От отца приходили письма, мать читала их вслух. Но в них ничего не говорилось о войне, отец еще ехал туда, — вот как было далеко до войны!
По вечерам мать читала вслух газеты, и послушать ее собирались в столовой и няня, и кучер Дмитрий, и Бабка. Как страшны были эти кровопролитные сражения, продолжавшиеся иногда по нескольку дней! Взрослые плакали, и это казалось мне страшнее всего.

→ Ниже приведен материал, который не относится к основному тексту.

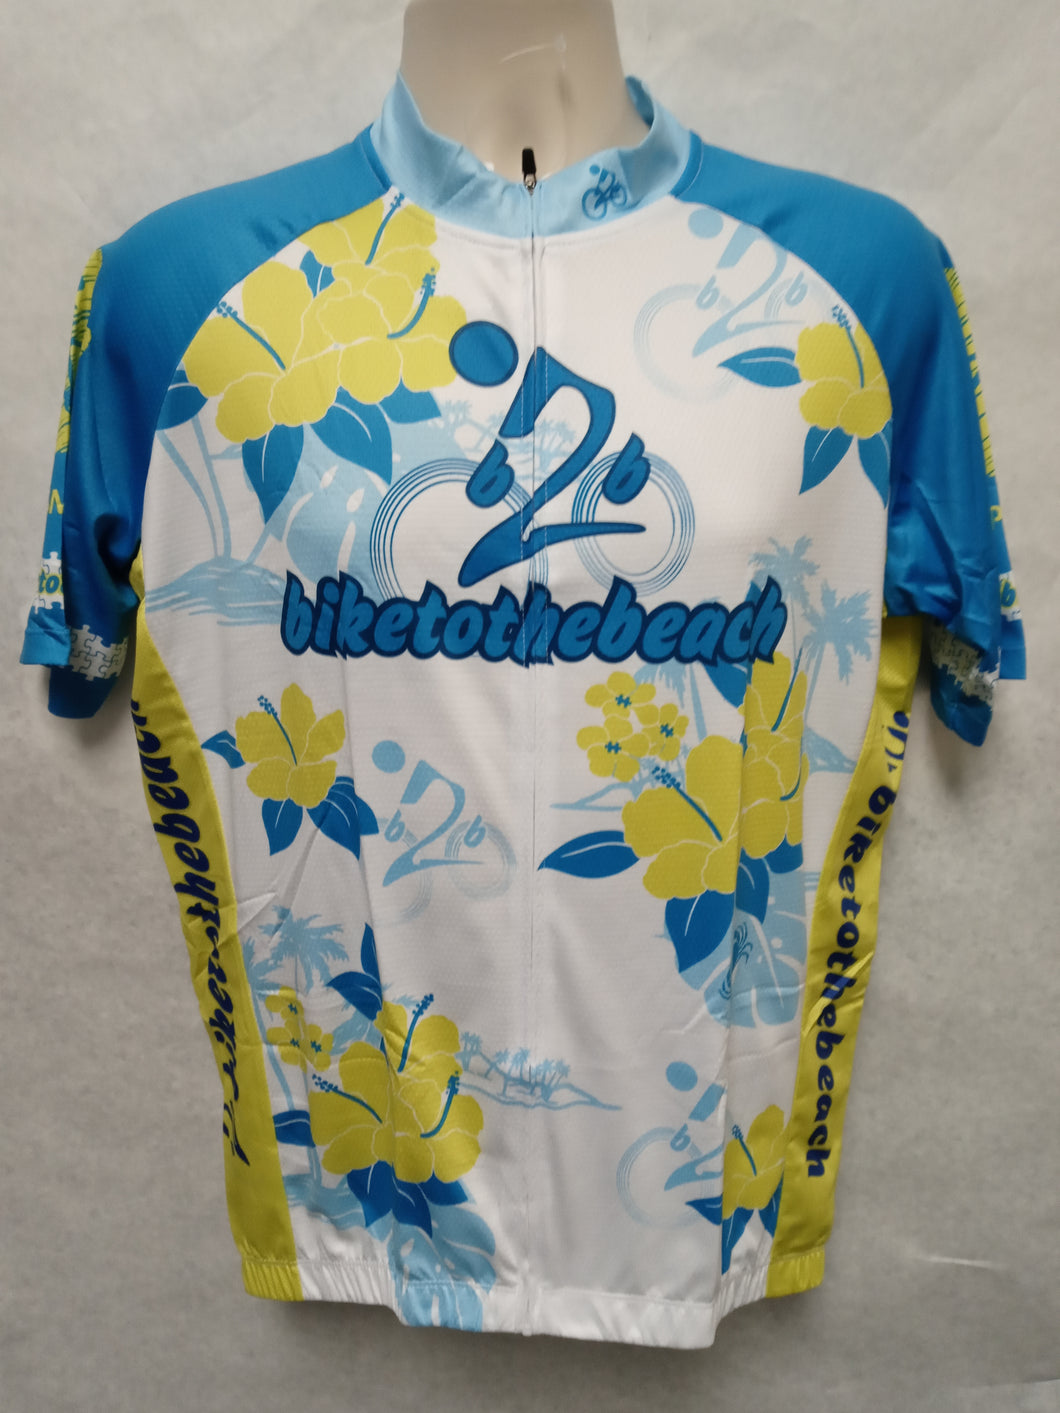 Bike to the Beach Classic Floral White / Yellow / Blue Bike Jersey

А вскоре по всей России прокатилась песня:
Каждый ребенок по природе своей патриот. Я не представляю себе детей, которые в детстве не желали бы победы своему отечеству. Я пел «Варяга» и, конечно, не только желал победы нашим, но и воображал себя участником этих грядущих победоносных сражений. Но воображать — значило действовать. И я беспощадно рубил крапиву, а после ужина, когда сестру уже укладывали спать, я с бумагой и карандашами располагался возле мамы, в столовой. Мама читала журнал или книгу и подолгу, отрываясь от чтения, о чем-то думала, глядя на круглый огонек керосиновой лампы. А я расположившись на столе, с горящими от волнения ушами рисовал казаков верхом на конях, которые в моем изображении похожи были на каких-то четырехногих козявок; рисовал японцев, и тут же, на бумаге, казаки рубили японцев, а я самозабвенно и кровожадно рычал:
— Хы-ча-ча-ча, хы-ча…
Такое рисование войны у нас, детей, с тех пор и получило название «хычача, хыча».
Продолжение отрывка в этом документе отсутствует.